Танский монах сильно встревожился.

– Какого же еще оборотня ты вздумал изловить? – с неподдельным ужасом спросил он.

– В этом монастыре завелся хищный оборотень, – спокойно ответил Сунь У‑кун, – вот я и решил избавить от него здешних монахов.

– Брат мой! – укоризненно произнес Танский монах. – Как можешь ты помышлять о поимке оборотня, если я не совсем еще оправился от болезни? А вдруг у этого оборотня чары окажутся сильнее твоих, и ты его не одолеешь, тогда мне останется лишь погибнуть, не так ли?

– Плохо ты обо мне думаешь! – рассердился Сунь У‑кун. – До сих пор я на всем пути всегда одерживал верх над злыми духами‑оборотнями. Видел ли ты хоть раз, чтобы я потерпел поражение? Стоит мне лишь приложить руки, как я сразу же выхожу победителем!

Но Танский монах продолжал отговаривать его.

– Брат мой! – умолял он. – Вспомни мудрое изречение: «Коль случай есть, ты бедным помощь окажи, а где пощады просят – пощади! Все лучше сердцем управлять, чем волю дать ему! Чем в спор пускаться злобный, достойнее сдержаться!».

Великий Мудрец, видя, что Танский монах всячески отговаривает его от намерения покорить злого оборотня, рассказал ему всю правду.

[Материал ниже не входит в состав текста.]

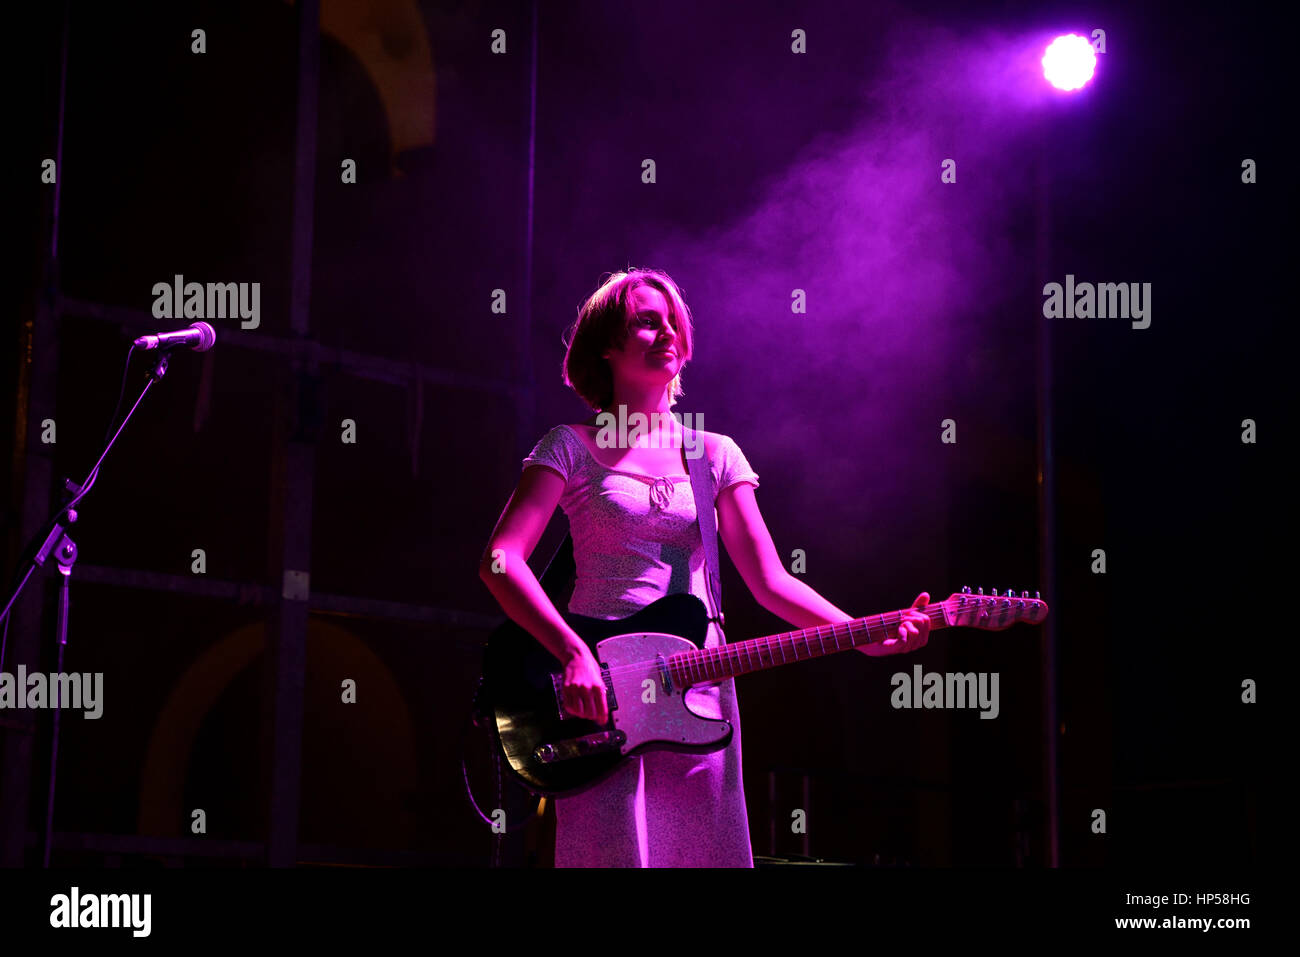 BARCELONA - SEP 18: Trauern (Band) in Konzert im BAM Festival am 18. September 2015 in Barcelona, Spanien. Stockfoto

– Наставник! Вот что я скажу тебе. Оборотень поселился в монастыре и пожирает людей!

– Кого же он сожрал? – упавшим голосом спросил Танский монах, испугавшись не на шутку.

– Мы находимся здесь всего три дня, а за это время он сожрал уже шестерых послушников.

– Какой ужас! – содрогнулся Танский монах. – Недаром говорят: «Когда заяц помирает, даже лисица горюет!». А уж если животные горюют друг о друге, то людям само небо велело сокрушаться о погибших! Этот оборотень пожирает монахов. А я ведь тоже монах. Ладно, отпускаю тебя, только смотри будь осторожен!

– Об этом говорить не стоит! – обрадовался Сунь У‑кун. – Мне бы только добраться до этого оборотня, – я с ним разделаюсь!

И, несмотря на поздний час, Сунь У‑кун велел Чжу Ба‑цзе и Ша‑сэну зорко охранять Танского монаха, а сам, хихикая от радости, выскочил из кельи настоятеля и направился прямо к храму Будды. В небе сверкали звезды, но луна еще не взошла. В храме было совсем темно. Сунь У‑кун раздул священный огонь[24], зажег хрустальные лампады и начал бить то в барабан, то в колокол. После этого он встряхнулся и превратился в подростка‑послушника лет двенадцати. На нем была узкая рубаха из желтого шелка, а поверх – длинное монашеское одеяние из белого холста. В руках он держал «деревянную колотушку‑рыбу», стучал в нее, а сам читал нараспев какую‑то сутру. Прошло время первой стражи, но никто не появлялся, и кругом все было тихо. Наступила вторая стража, взошла луна в ущербе, и вдруг в храме послышалось завывание ветра.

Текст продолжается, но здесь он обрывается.